The Na+-pumping NADH-ubiquinone oxidoreductase (Na+-NQR) couples electron transfer from NADH to ubiquinone with Na+-pumping, generating an electrochemical Na+ gradient that is essential for energy-consuming reactions in bacteria. Since Na+-NQR is exclusively found in prokaryotes, it is a promising target for highly selective antibiotics. However, the molecular mechanism of inhibition is not well-understood for lack of the atomic structural information about an inhibitor-bound state. Here we present cryo-electron microscopy structures of Na+-NQR from Vibrio cholerae with or without a bound inhibitor at 2.5- to 3.1-Å resolution. The structures reveal the arrangement of all six redox cofactors including a herein identified 2Fe-2S cluster located between the NqrD and NqrE subunits. A large part of the hydrophilic NqrF is barely visible in the density map, suggesting a high degree of flexibility. This flexibility may be responsible to reducing the long distance between the 2Fe-2S centers in NqrF and NqrD/E. Two different types of specific inhibitors bind to the N-terminal region of NqrB, which is disordered in the absence of inhibitors.

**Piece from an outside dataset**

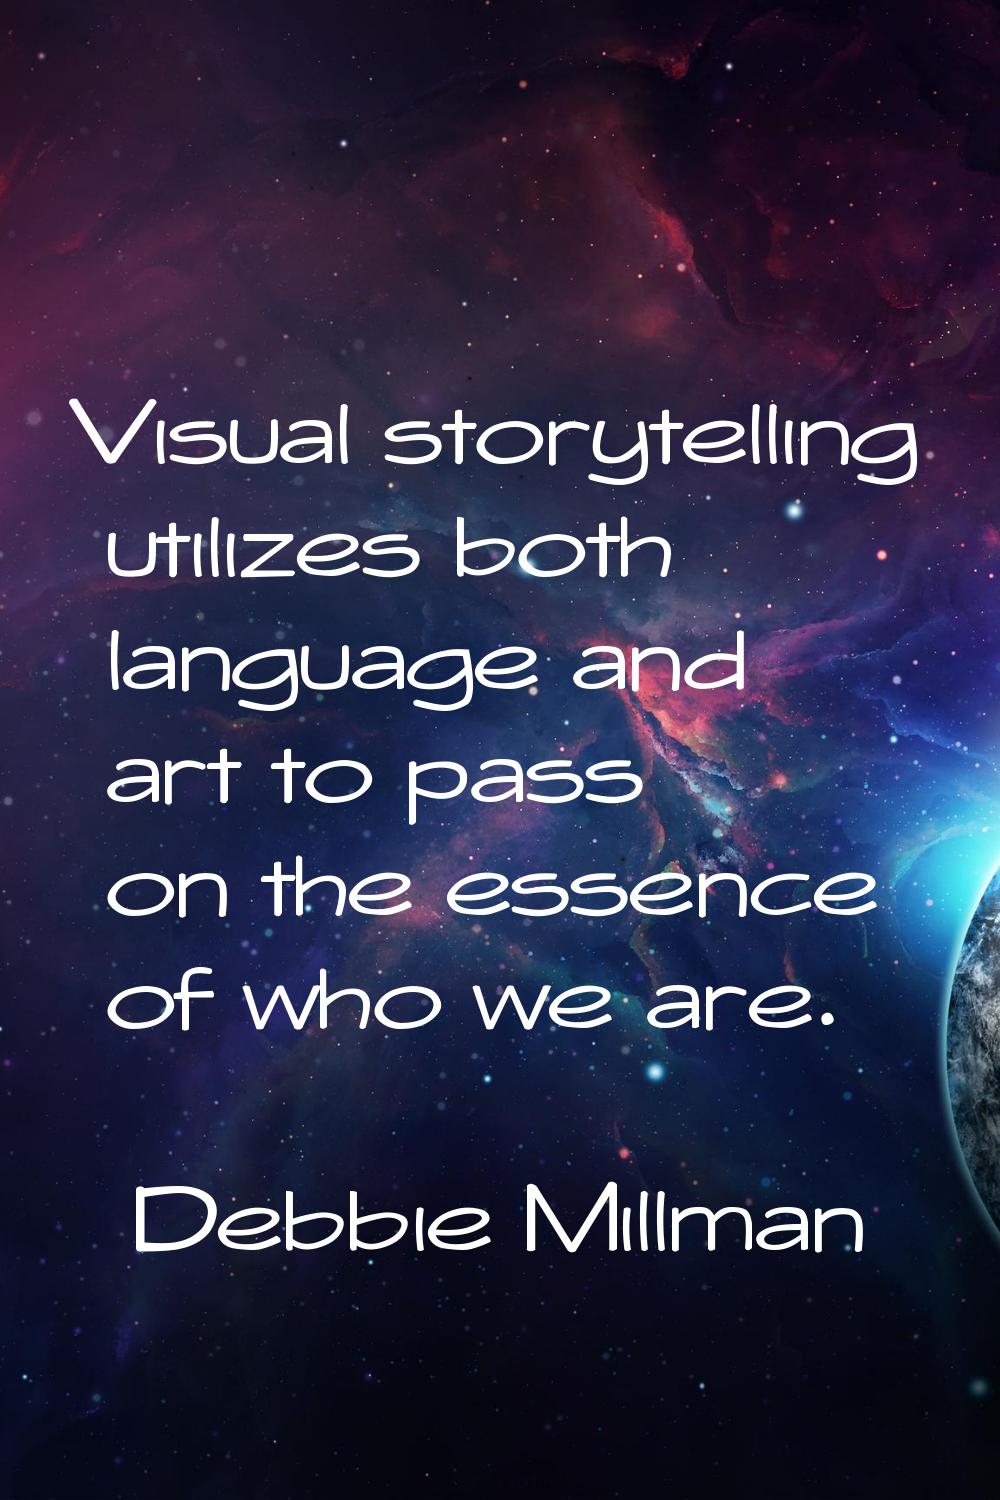 Visual storytelling utilizes both language and art to pass on the essence of who we are.

The present study provides a foundation for understanding the function of Na+-NQR and the binding manner of specific inhibitors.

Suggested Citation

  • Jun-ichi Kishikawa & Moe Ishikawa & Takahiro Masuya & Masatoshi Murai & Yuki Kitazumi & Nicole L. Butler & Takayuki Kato & Blanca Barquera & Hideto Miyoshi, 2022. "Cryo-EM structures of Na+-pumping NADH-ubiquinone oxidoreductase from Vibrio cholerae," Nature Communications, Nature, vol. 13(1), pages 1-11, December.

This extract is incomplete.